The applicant (Harare Sports Club) and the first respondent (Zimbabwe Cricket) entered into a notarial lease agreement on 16 July 1999 for property known as Harare Sport Club. The agreed monthly rent was initially Z$40,000, which changed to USD$170 per month upon introduction of multiple currency. The parties maintained a cordial relationship for 10 years. Disputes arose after the currency change regarding the quantum of monthly rentals. The applicant claimed USD$170 was a token rental pending negotiations and that rent was increased to USD$3,000 in April 2015. The first respondent maintained that USD$170 was the agreed rental and that rent was deliberately low because it was responsible for making improvements to the property, which would be set off against rentals under clause 5(c) of the lease. The parties failed to mutually agree on appointing an arbitrator to resolve their disputes as contemplated in the lease agreement.
The application was granted as prayed. The court authorized the second respondent (Commercial Arbitration Centre) to appoint an arbitrator to determine the disputes between the parties.
Where parties have contractually agreed on a procedure for appointing an arbitrator but one party fails to act as required under that procedure, and the agreement provides no other means for securing the appointment, the High Court has power under Article 11(4) of the Model Law Schedule (Arbitration Act Chapter 7:15) to take 'necessary measures' which includes authorizing an arbitration institution to appoint the arbitrator. The phrase 'necessary measure' must be interpreted broadly in light of the court's inherent jurisdiction to avoid absurd results and ensure that disputes subject to agreed arbitration procedures can be resolved. The principle of sanctity of contract requires that parties adhere to their contractually agreed dispute resolution mechanisms, and courts will enforce such agreements where freely and voluntarily entered into.
The court observed that the lease agreement was a well thought out document but contained a shortcoming in that it failed to provide for all possible eventualities, particularly what would happen where parties failed to mutually agree on appointing an arbitrator. The court noted that parties who commenced discussing rent in 2009 cannot genuinely claim to still be negotiating the same matter six years later. The court also observed that the legislature, in its wisdom, could not have inserted into the Act a clause (Article 11(4)) which served no purpose, and that it remained alive to the inherent jurisdiction of the court in allowing it wide discretion to deal with such matters. The court commented that the law is not crafted to produce absurd results.
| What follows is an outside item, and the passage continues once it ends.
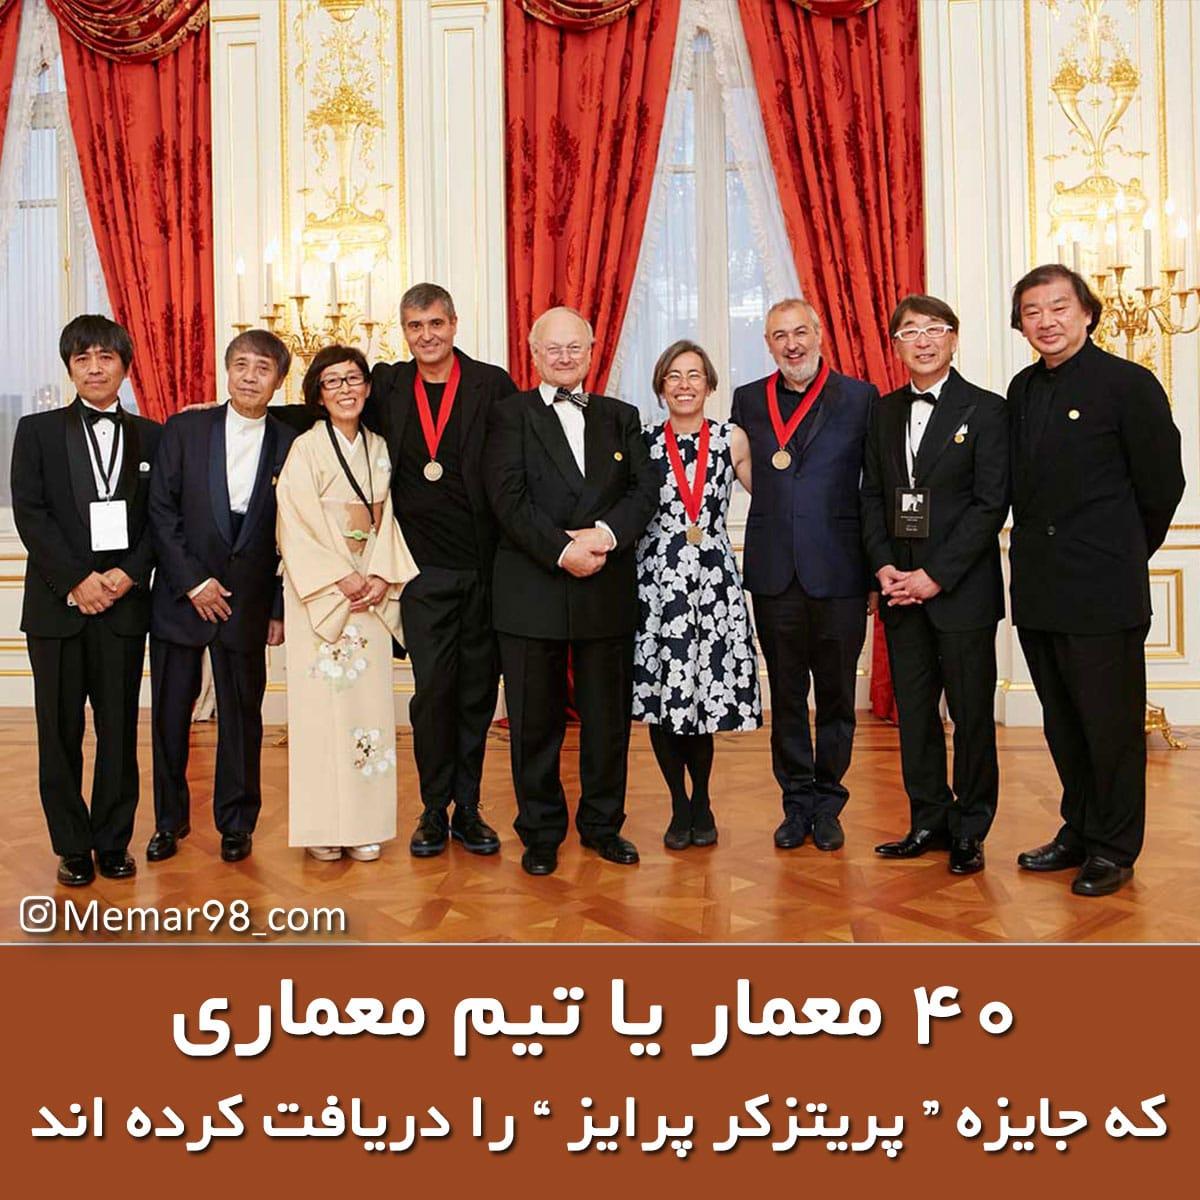 جایزه پریتزکر پرایز

This case is significant in Zimbabwean arbitration law as it clarifies the scope of the High Court's powers under Article 11(4) of the Model Law Schedule of the Arbitration Act [Chapter 7:15]. It establishes that the court's power to take 'necessary measures' extends beyond merely appointing an arbitrator directly, and includes authorizing an arbitration institution to make such appointment where parties have agreed on a procedure but failed to implement it. The case reinforces the principle of sanctity of contract in the context of contractual arbitration clauses and demonstrates judicial willingness to facilitate arbitration where parties have contractually agreed to that dispute resolution mechanism. It also clarifies that disputes involving interpretation of lease terms, breach, and parties' rights and obligations fall within arbitration jurisdiction rather than the Commercial Rent Board, even where rent is an issue.